◆ **Exercise instructions**: For the listing below, print exactly the lines from the line with "Leonid Volkov's injuries" to the line with "Two bloodhounds join", both included, and nothing beyond them.

◆ **Data supplied**:
□ □ □ □ □

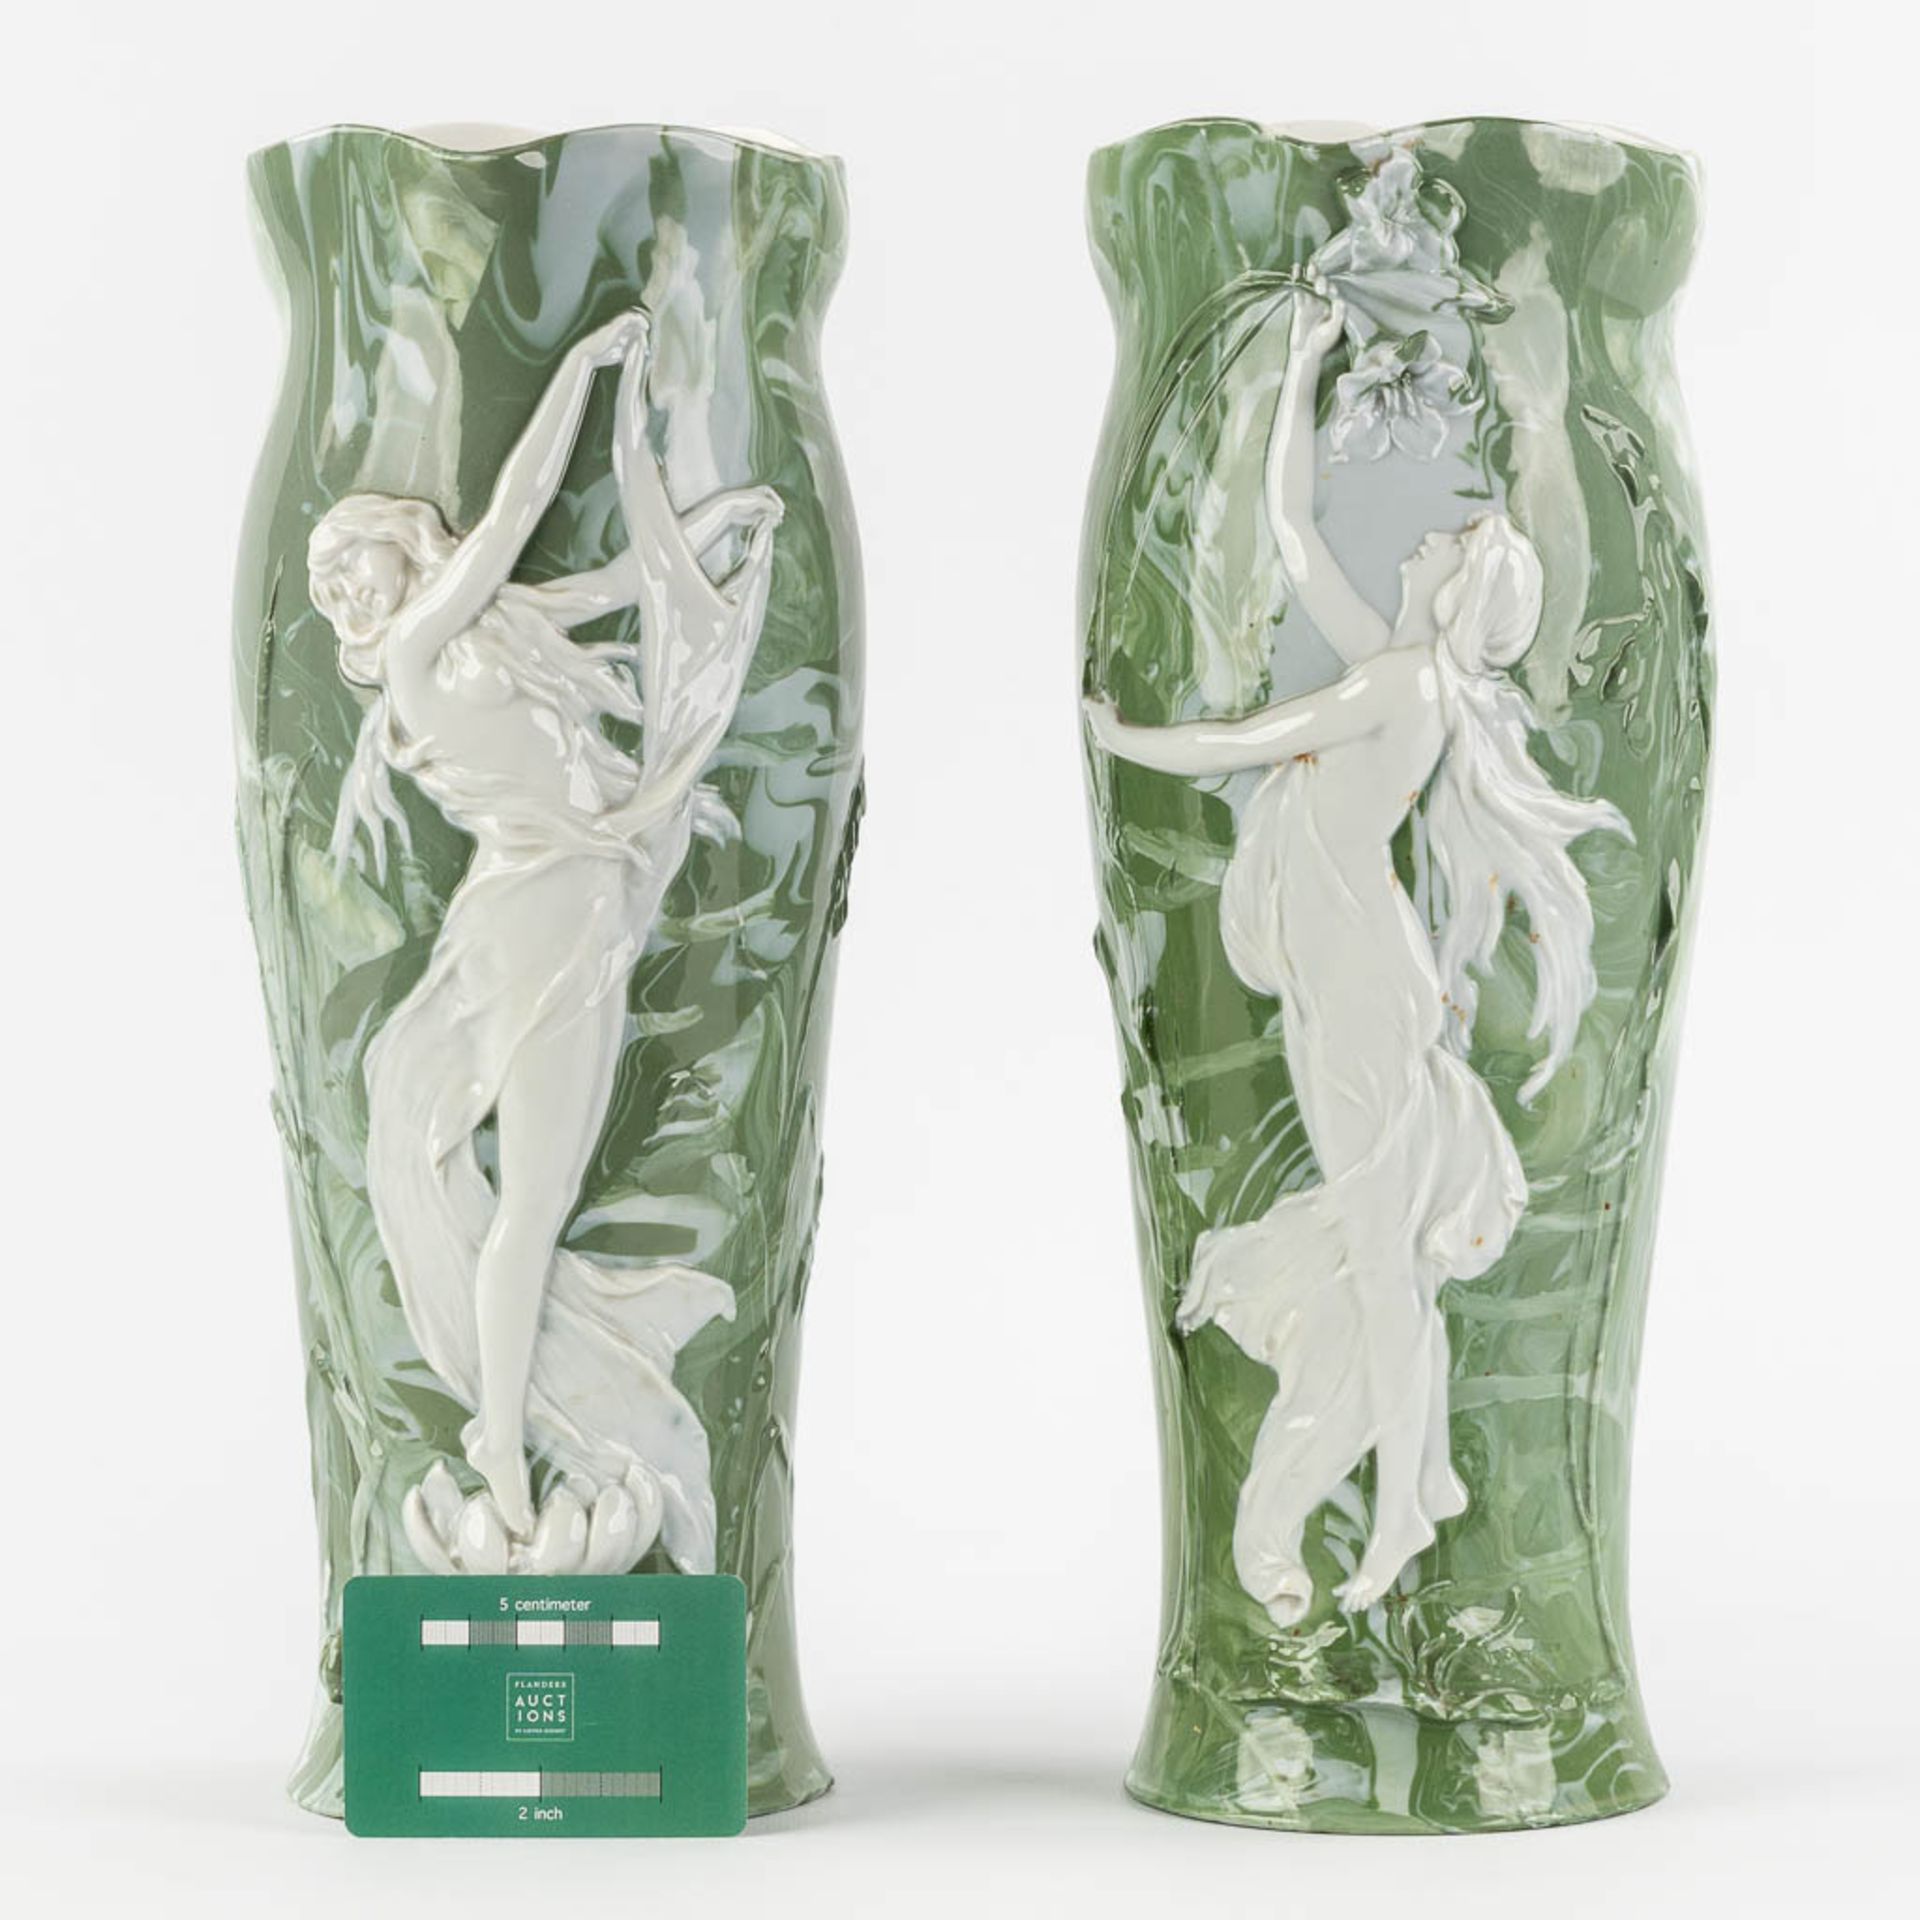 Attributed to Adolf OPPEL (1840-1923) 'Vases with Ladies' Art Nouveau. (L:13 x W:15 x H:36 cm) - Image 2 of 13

□ □ □ □ □

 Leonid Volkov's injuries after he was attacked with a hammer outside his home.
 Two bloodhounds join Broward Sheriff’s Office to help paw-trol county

□ □ □ □ □

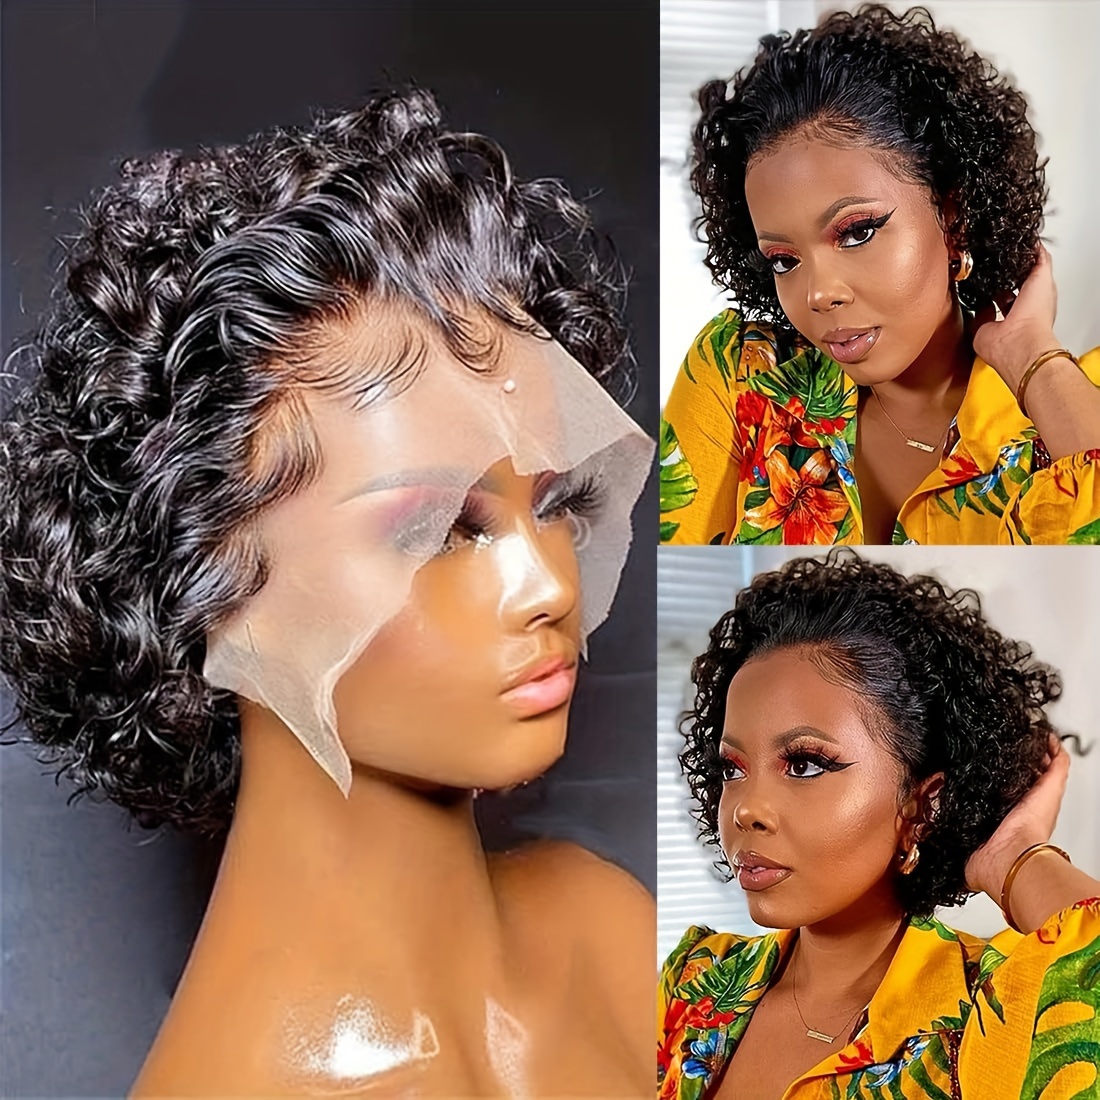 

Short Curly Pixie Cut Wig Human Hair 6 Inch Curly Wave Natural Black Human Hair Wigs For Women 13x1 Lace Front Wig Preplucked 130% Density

□ □ □ □ □

◆ **Answer to this exercise**:
 Leonid Volkov's injuries after he was attacked with a hammer outside his home.
 Two bloodhounds join Broward Sheriff’s Office to help paw-trol county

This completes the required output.